- _Input data_

"""

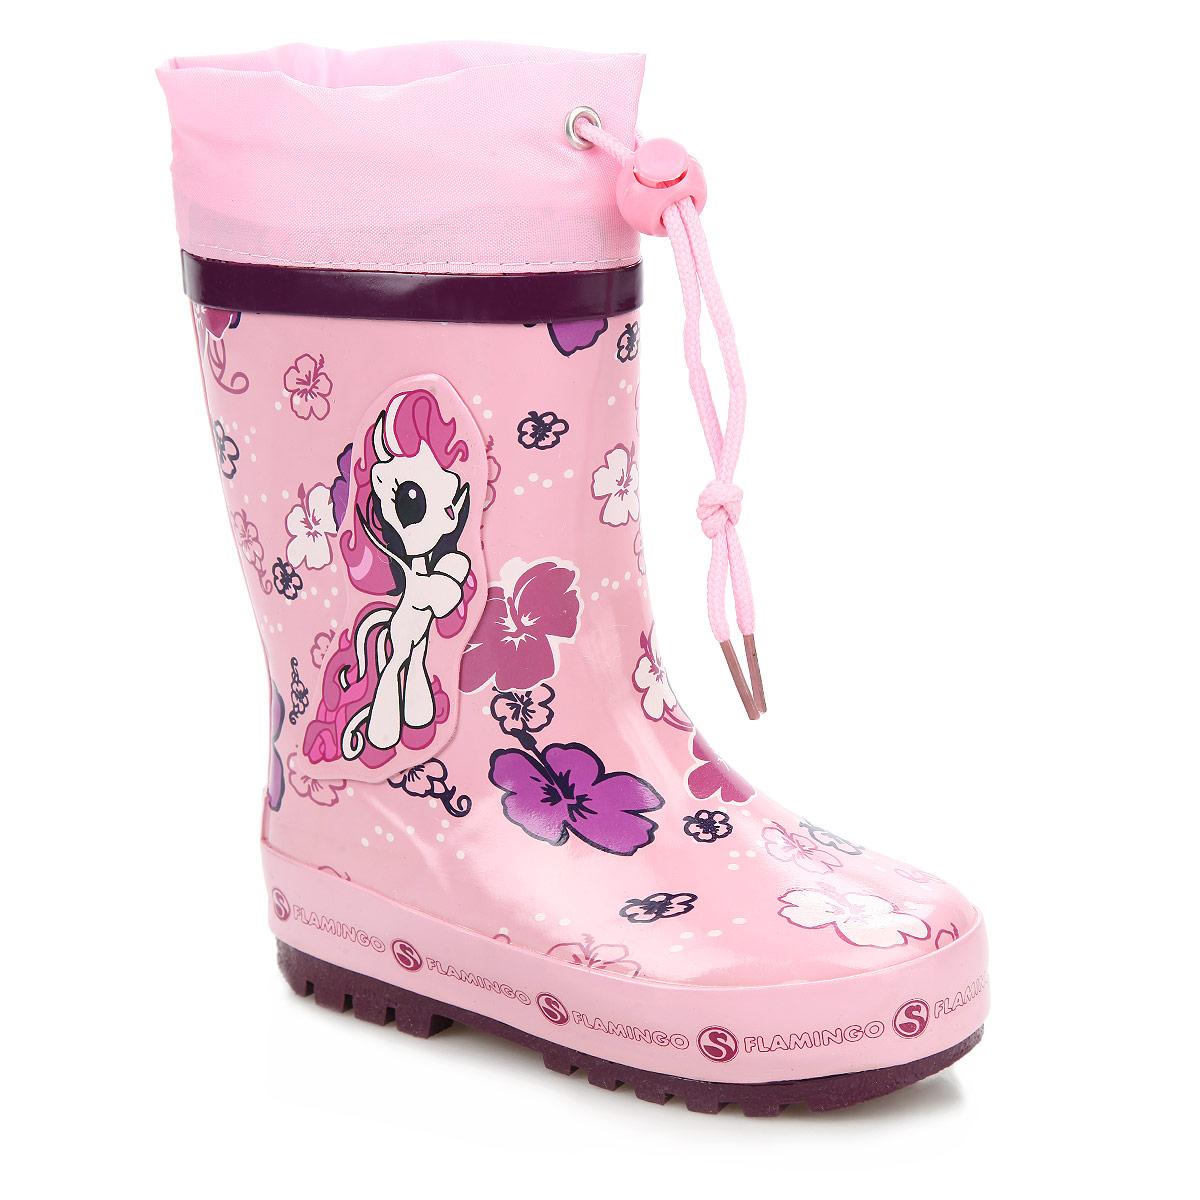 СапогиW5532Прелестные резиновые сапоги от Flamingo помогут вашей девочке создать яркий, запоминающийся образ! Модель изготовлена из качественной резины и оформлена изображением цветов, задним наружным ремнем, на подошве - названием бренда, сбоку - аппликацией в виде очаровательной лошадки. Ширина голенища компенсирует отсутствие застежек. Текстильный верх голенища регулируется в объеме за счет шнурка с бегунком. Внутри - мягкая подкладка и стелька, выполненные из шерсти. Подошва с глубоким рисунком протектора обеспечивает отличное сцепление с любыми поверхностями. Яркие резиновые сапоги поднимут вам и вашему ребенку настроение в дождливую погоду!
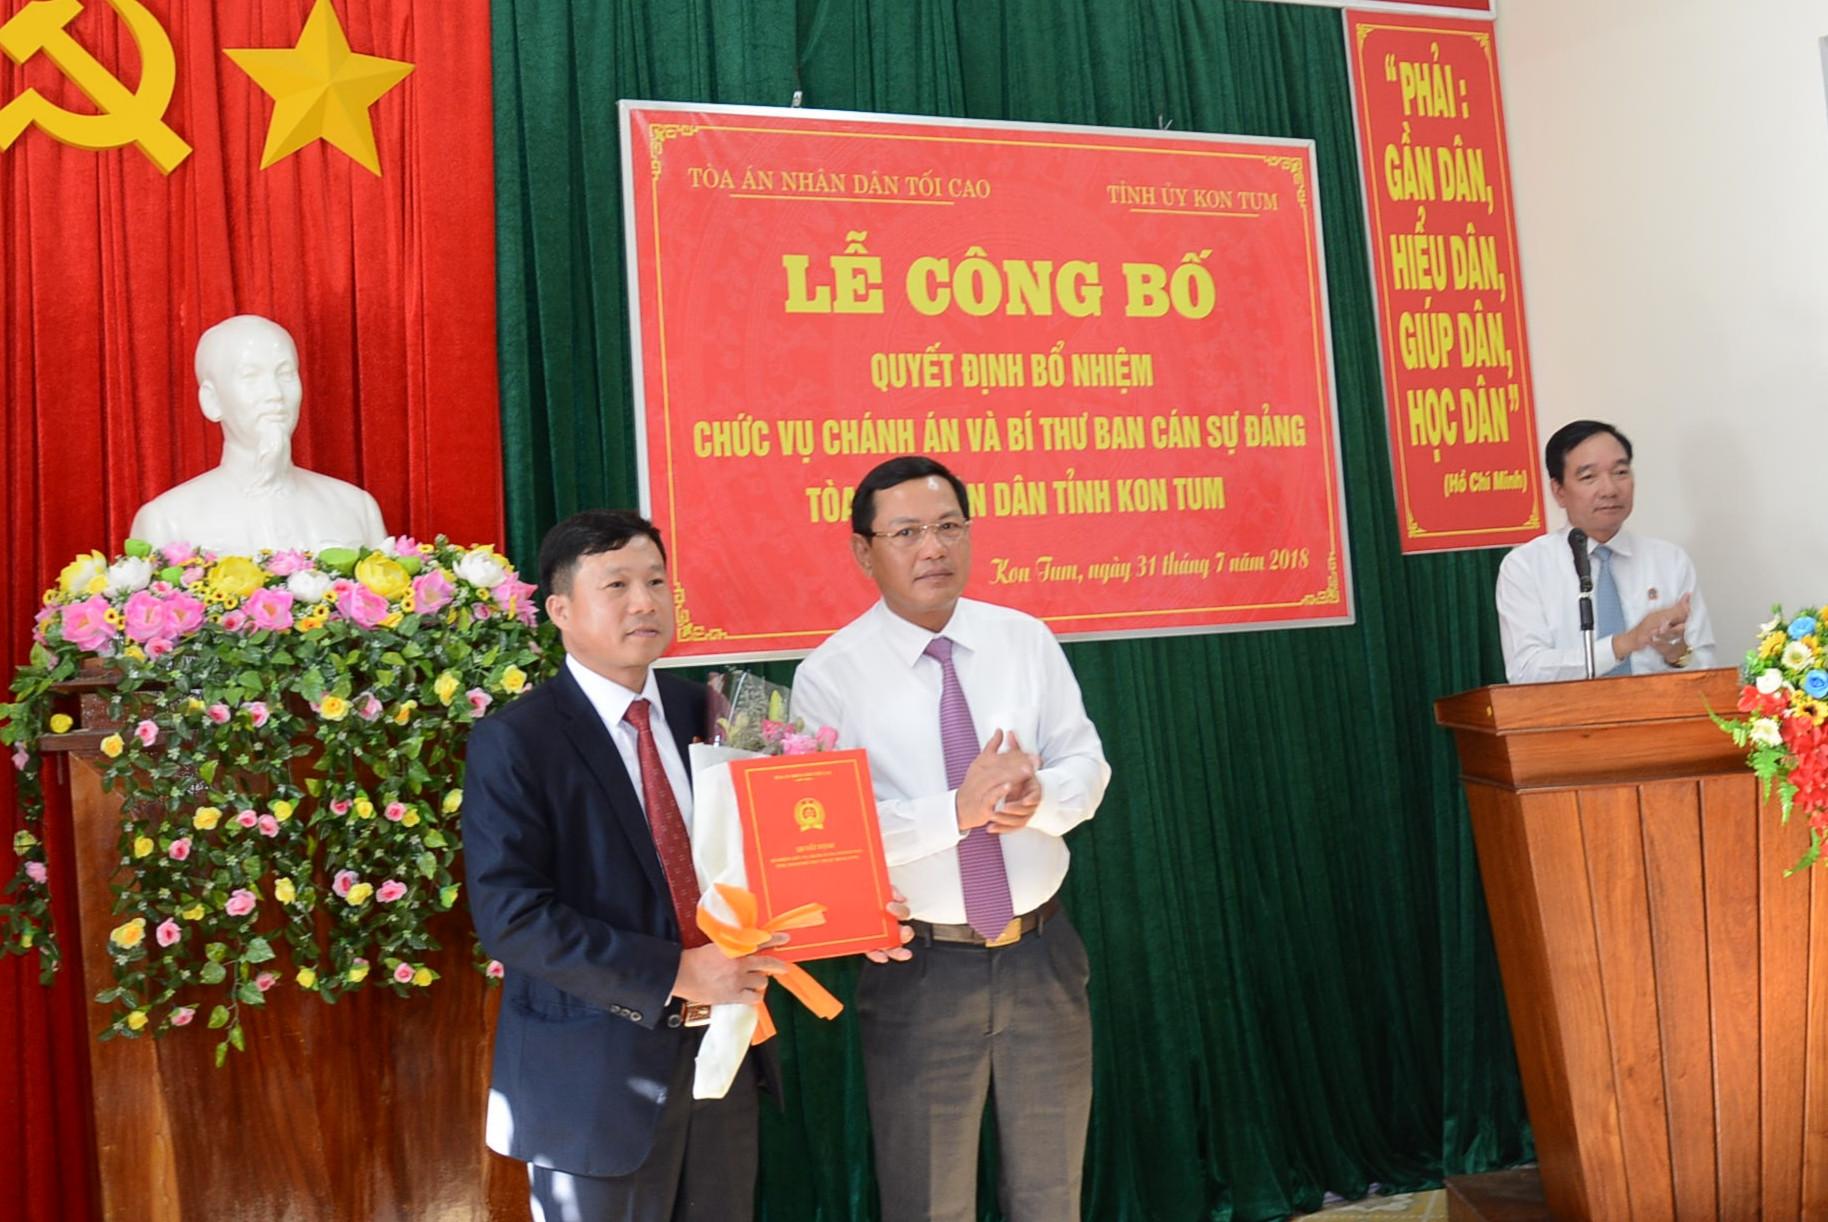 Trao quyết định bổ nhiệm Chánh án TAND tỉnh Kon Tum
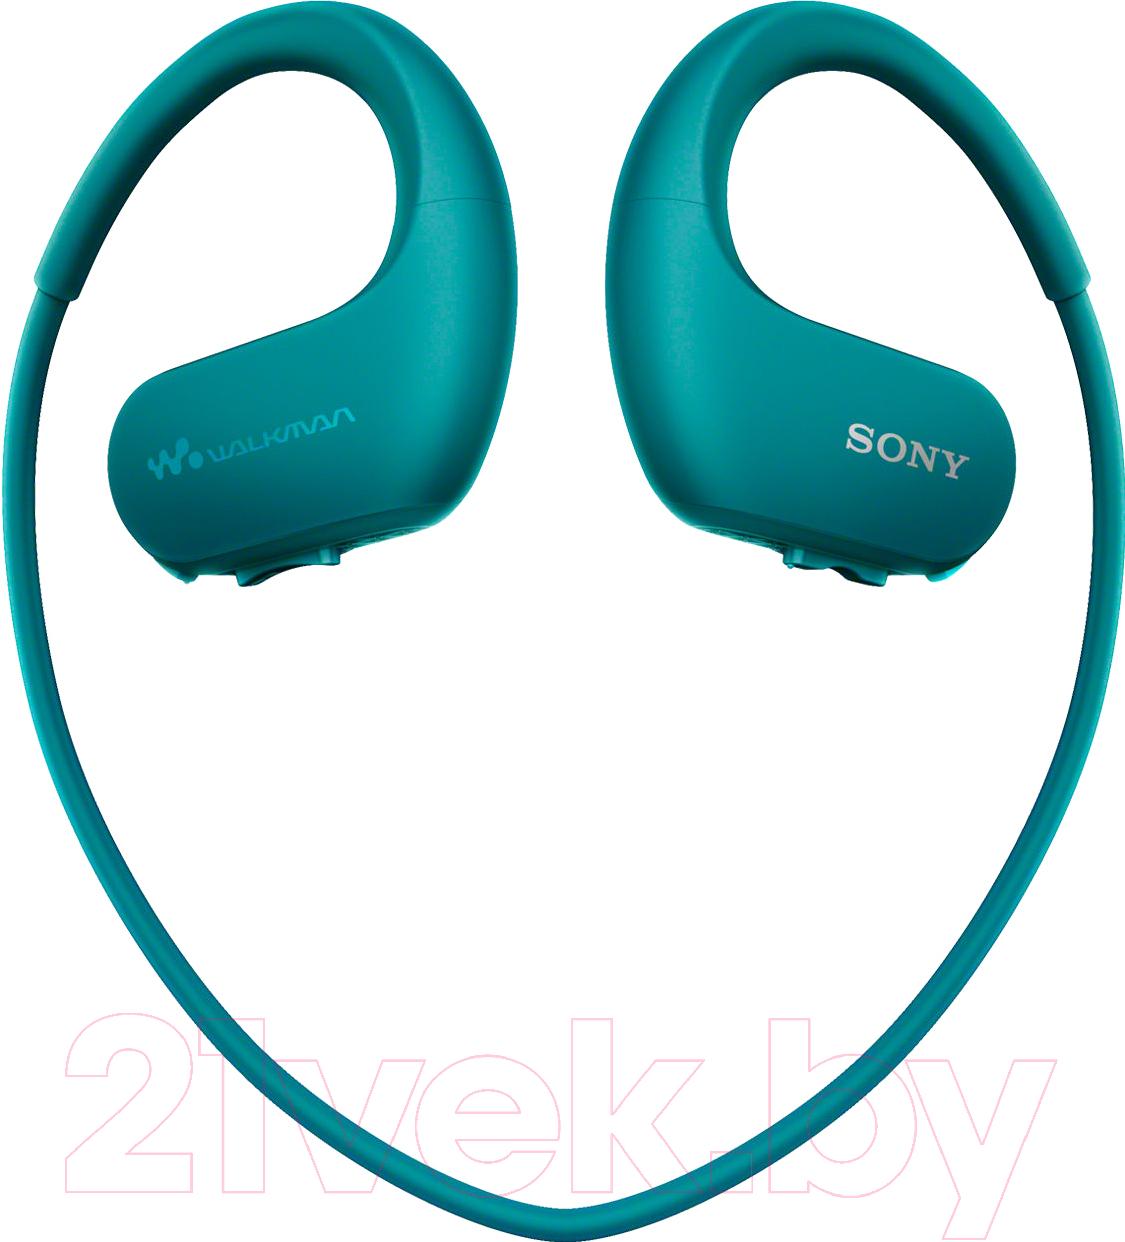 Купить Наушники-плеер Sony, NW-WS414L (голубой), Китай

"""

- _Try it_
Set the listing down in full and exactly. Pictures within it should not appear in the copy.

- _Expected output_
 СапогиW5532Прелестные резиновые сапоги от Flamingo помогут вашей девочке создать яркий, запоминающийся образ! Модель изготовлена из качественной резины и оформлена изображением цветов, задним наружным ремнем, на подошве - названием бренда, сбоку - аппликацией в виде очаровательной лошадки. Ширина голенища компенсирует отсутствие застежек. Текстильный верх голенища регулируется в объеме за счет шнурка с бегунком. Внутри - мягкая подкладка и стелька, выполненные из шерсти. Подошва с глубоким рисунком протектора обеспечивает отличное сцепление с любыми поверхностями. Яркие резиновые сапоги поднимут вам и вашему ребенку настроение в дождливую погоду!
 Trao quyết định bổ nhiệm Chánh án TAND tỉnh Kon Tum
 Купить Наушники-плеер Sony, NW-WS414L (голубой), Китай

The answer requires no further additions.